It was 75 degrees outside. Not a cloud in the sky. The kind of weather San Diego is famous for, and a perfect Easter Sunday.  Reena Becerra was already dialing her boyfriend as she got off work. She could barely wait to see him, even after five years, even after all they'd been through.   
But he didn't pick up. She went to his place, and found his cell phone on his couch, and tried the last couple of numbers on it. Nothing. Not knowing what to do, she decorated the house, cooked an Easter dinner, and finally got in her car and went home. 
As she pulled in she saw him. He was standing in his underwear, drunkenly trying to punch the numbers of her security code. "I had a feeling it was going to be a long night," says Reena, now 37.
"What are you doing?" she demanded. "Just let me in the f...ing house," he seethed. On the way, he knocked her down two flights of stairs.  She got up, planning to end the whole thing. Once inside, he kicked her dog, who flew across the room and hid. "The next thing I know," says Reena, "we're in the kitchen and he's telling me, 'I'm going to kill myself tonight and I'm going to kill you too. I'm going to chop you into little pieces. Do you know who Laci Peterson is?" At one point he slammed her with a frying pan; at another he was banging her head against the linoleum floor so hard the neighbors below screamed, "Shut up, we don't want to hear you." 
And then, Reena says, "He's on top of me and, I'm blacking out, and I can't breathe. He's got his hands around my neck and I can see his eyes are dead. They're cold, there's no feeling in them. I thought, OK, this is it. I'm going to die."
Somehow she managed to call 911. 
HERE'S THE PROBLEM: After we wrote about the law and choking—and by that I really mean strangling—many of you posted your own chilling  stories. I wanted to find out more. Why is this deadly aspect of domestic abuse so swept under the rug? And what can we do?
Here's what I've discovered about when a lover tries to strangle you...
1) KNOW THAT YOU ARE LIKELY TO DIE. Most people blow off choking as just one more smack, fist, black-eye—par for the abuse course.
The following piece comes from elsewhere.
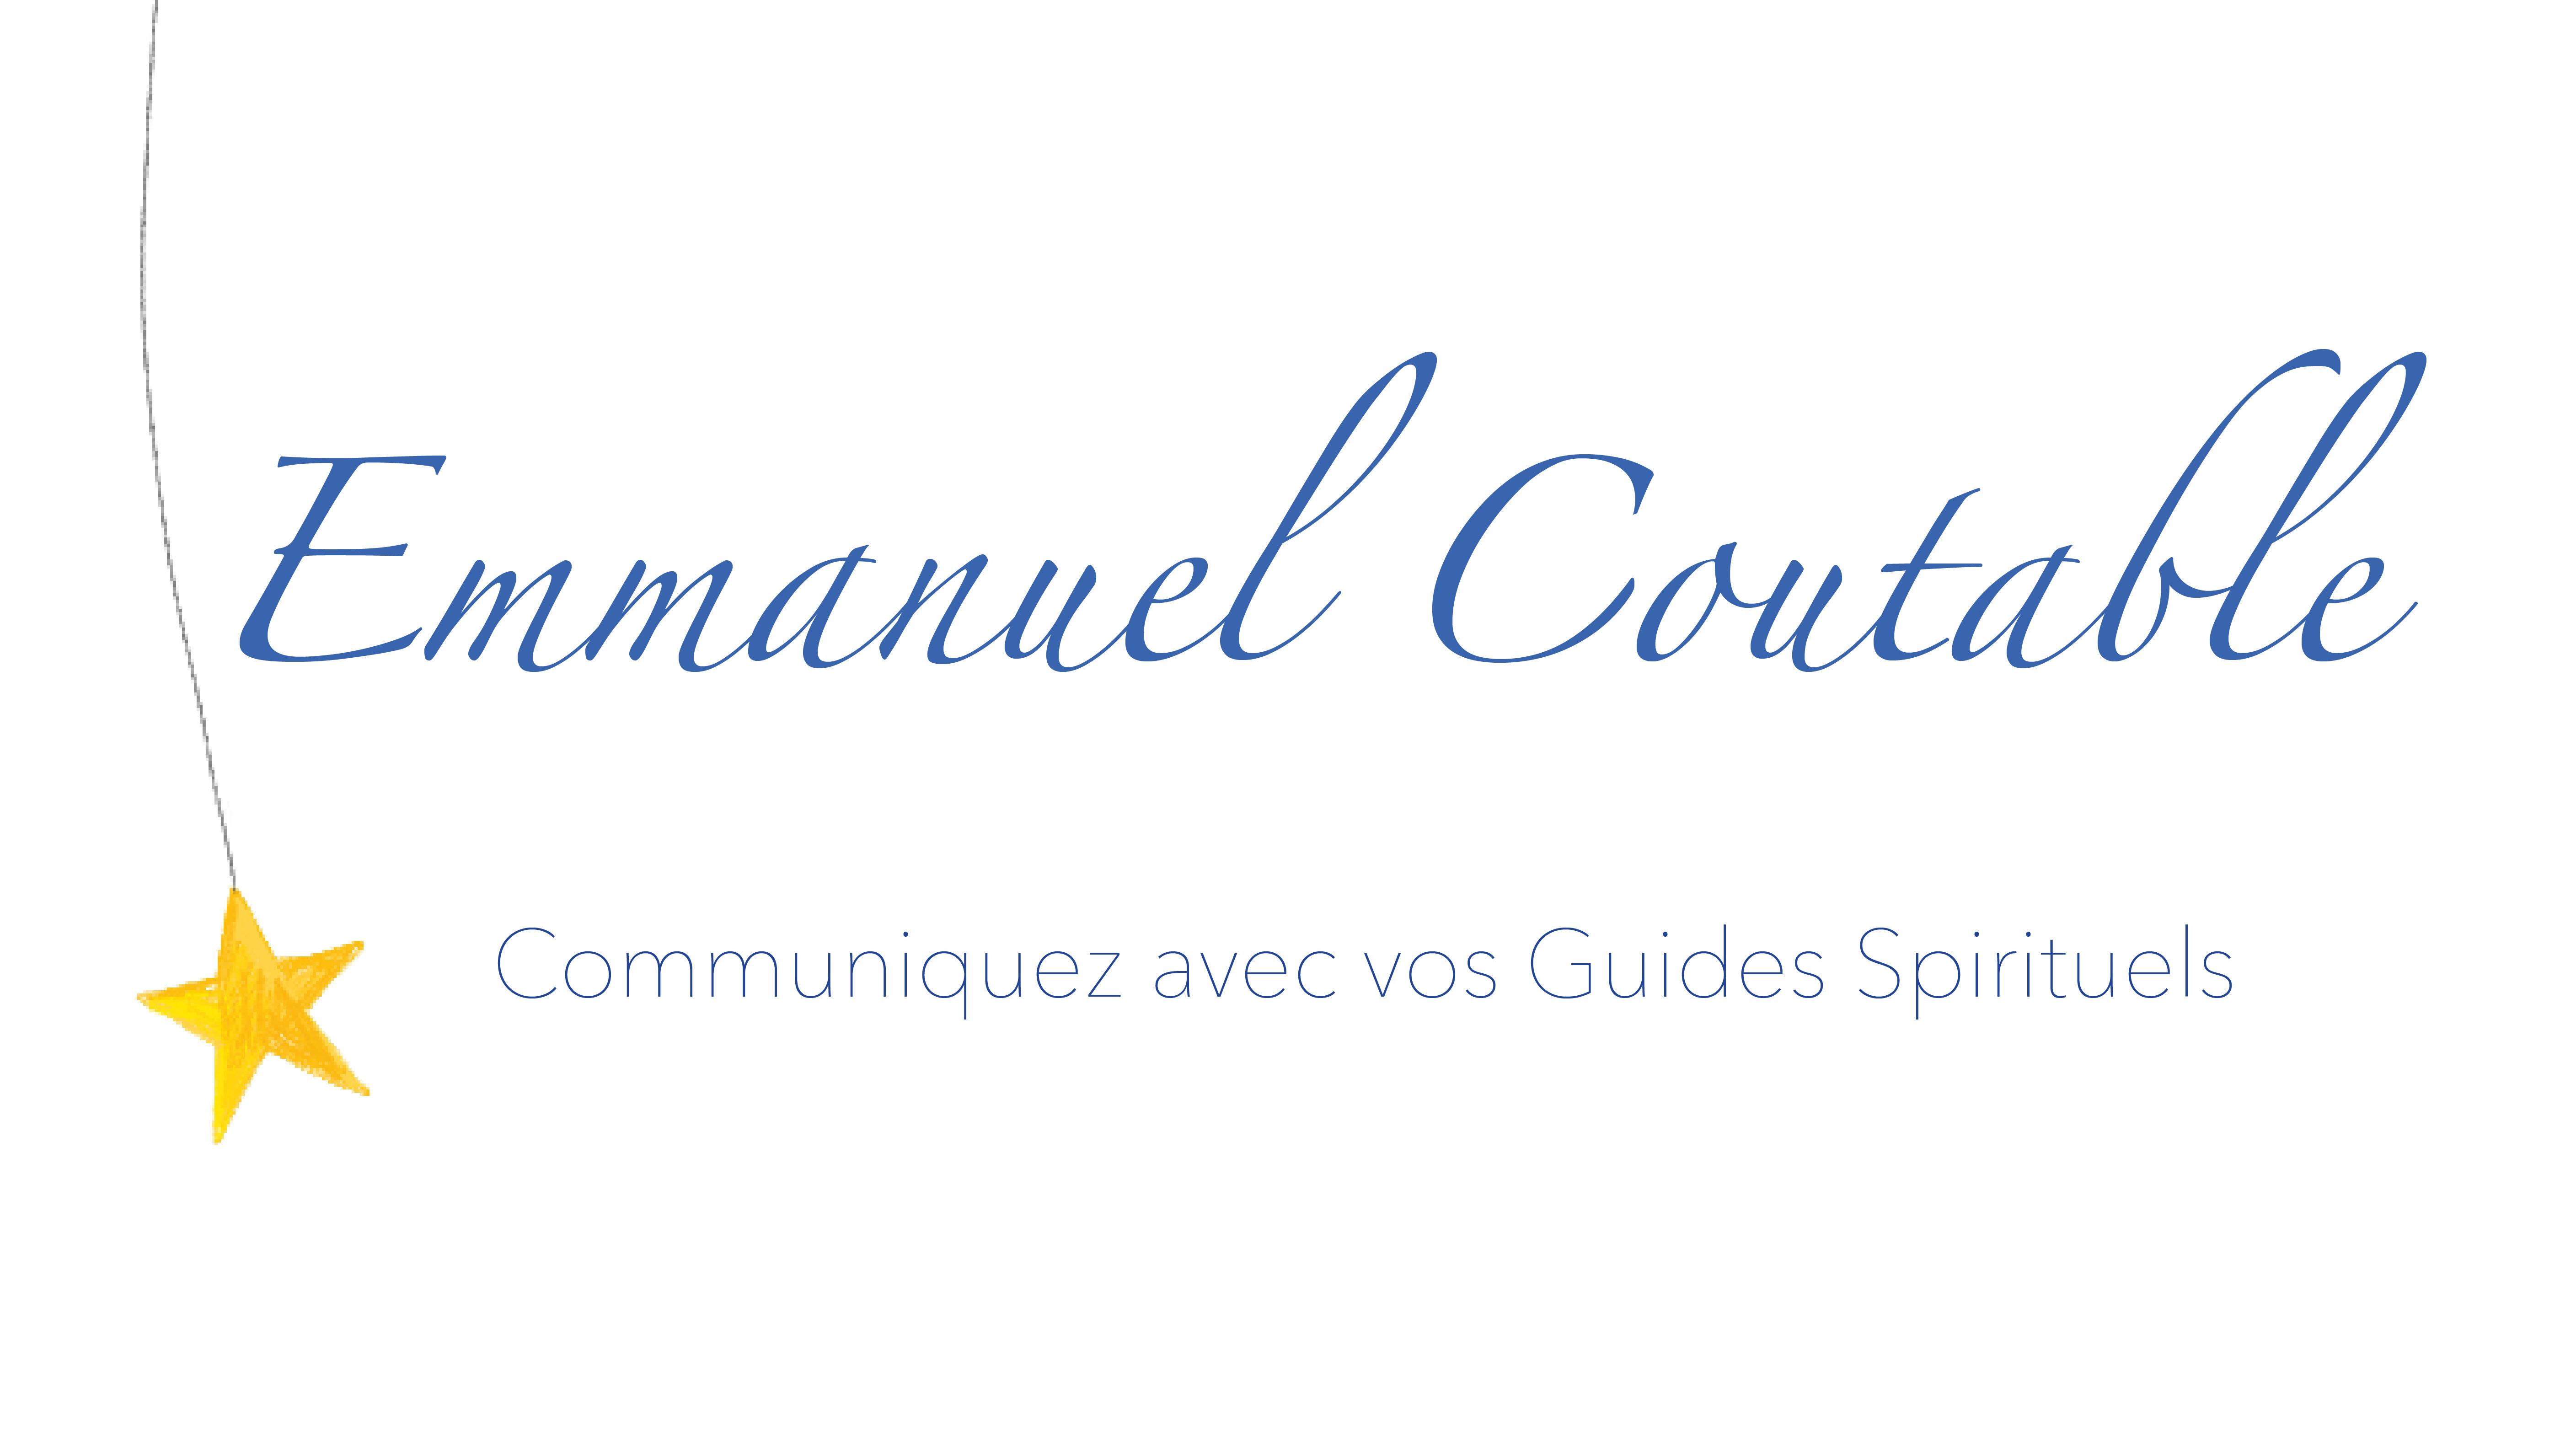 Emmanuel Coutable

It's not. This is a sign the man has crossed the line. A study done by Nancy Glass, PhD, at Johns Hopkins University School of Nursing showed that attempted strangulation increases the odds seven-fold that he will end up murdering you. "Choking an intimate partner is one of the top five leading indicators that the violence is likely to become deadly," says Linda Fairstein, former Chief of the Sex Crimes Prosecution Unit in New York and author of Hell Gate. "Choking and saying, 'I'm going to kill you?' Off the charts." 

2) SEE A DOCTOR: Strangling cuts off oxygen to the brain. Even if you feel fine, women sometimes regain consciousness only to die three days later from brain damage or other internal injuries. "This is like you've been shot or stabbed," says Gael Strack, CEO of The National Family Justice Center Alliance, who has done more than almost anyone to educate the world about choking, and train victims, doctors, police, and prosecutors to take it seriously.

3) GATHER EVIDENCE: At least half the time, Strack's research found, this crime leaves no visible trace—at least to the untrained eye. But there are symptoms. Anything you can document or photograph will help your case. Check for: 
Raspy, hoarse voice (if you call 911, it will be recorded on the tape)
Difficulty breathing or swallowing 
Nausea, vomiting 
"Petechiae" —red pinpoint marks (ruptured capillaries) around the eyes and neck
Swelling or redness on the neck
Very faint small bruises made by a thumb or finger 
 Blood-shot eyes  
 Involuntary urination or defecation (embarrassing as it is, Strack advises, don't wash or throw out the clothes; they're good evidence)   

4) WATCH FOR LONG TERM EFFECTS:  "There may be risk of future stroke and lost cognitive ability, memory and concentration," says Glass. If you're having trouble thinking, see a specialist who deals in brain injuries.

5) LEAVE THIS MAN: Reena got Mike convicted of a felony. Three years later, it's hard to believe this pistol of a woman, who works two jobs, just got into a PhD program for psychology, and is the chair of the domestic violence advocacy group VOICES, had let herself end up on the kitchen floor. The thing of it is, she'd left this guy twice for cheating, and dragged his ass to two different couples therapists. But, as anyone who's been down this road can understand, by the time she discovered he'd killed a man over drugs, the cycles of controlling and isolating, beatings and diamonds, had caught her from behind. Her mind was runny—she was a mess. 
"I still wonder why I stayed," she says now. Knowing others will too, she decided, after sharing her story with me, that she didn't want to use her real name for Shine. 
But a moment later, she changed her mind. She has moved on to helping others. "Let people think what they want," she said. "It's not about me anymore."